How to Design Your Website if You’re Not a Designer

Digital Marketing

Did Chase's video get you revved up to tackle design? Then you just might love Craft + Commerce, our conference coming up this June in Boise. Chase is one of our main stage speakers and will be joined by other top thought leaders like Mariah Coz, James Clear, Nicole Walters, and Seth Godin to share stories of what it actually takes to be an online creator. If you're ready to renew your commitment to creating great work every day, this conference is for you! Find out more at convertkit.com/conference

Today I want to talk to you about your website, specifically, I want to talk to you about designing your own website. There are more tools than ever today for being able to design your own website. Entrepreneurs all over are doing it themselves. Your products need to sell and the people who land on your site need to trust you. Your message needs to resonate with them. This all happens through the design.

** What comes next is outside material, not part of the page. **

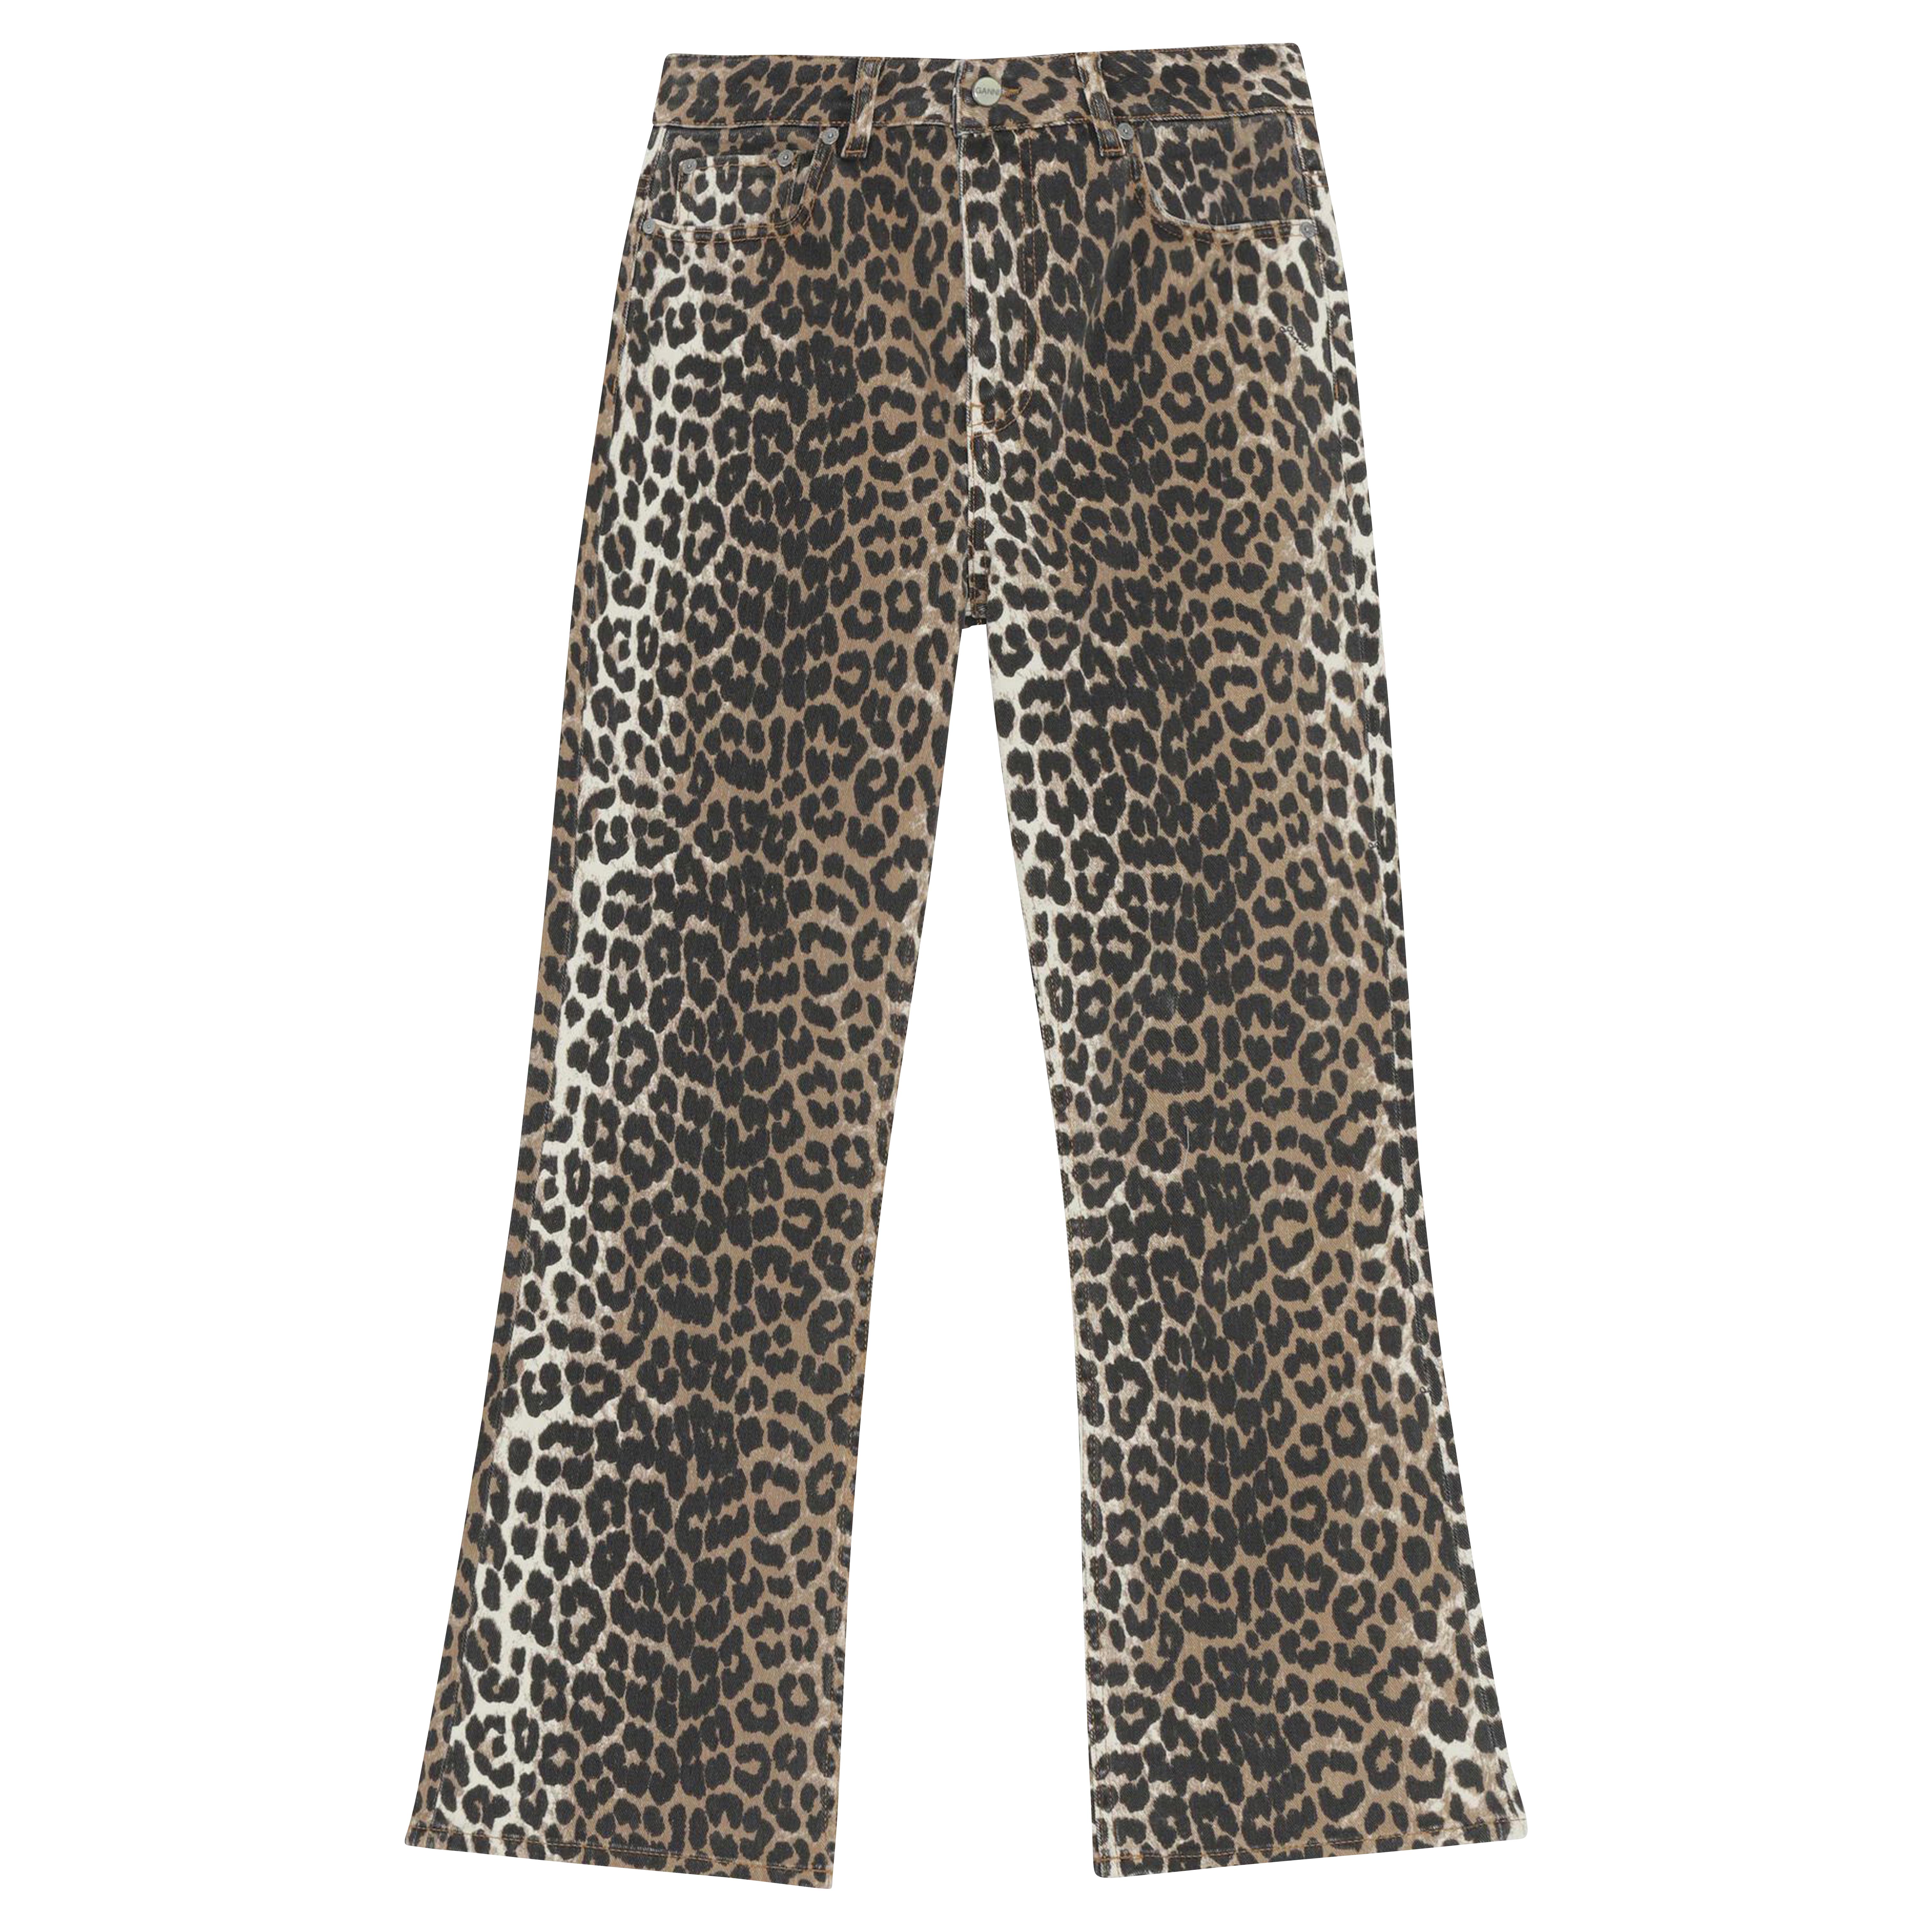 Ganni Betzy Cropped Jeans in Leopard 29

So how can an entrepreneur without any training in design do this by themselves? That’s what I want to talk about today. I’ve got a few ideas I want to walk you through and then some practical tips.

What design does

There’s a lot of things you want for your website and a lot of things you think you need. These principles are going to help guide you, center you, and ground you in what really matters for your website. These principles will help you understand what good design actually does.

Design builds trust

When we talk about what design really does, you have to start with trust, because design builds trust. When I land on your website, I want to tell in a second or two if you’re trustworthy. You’re used to seeing this across the web.

You land on a site and immediately know that you don’t like what you see and you don’t ever want to give them your email address let alone your credit card information. That is communicated through the design and through the message.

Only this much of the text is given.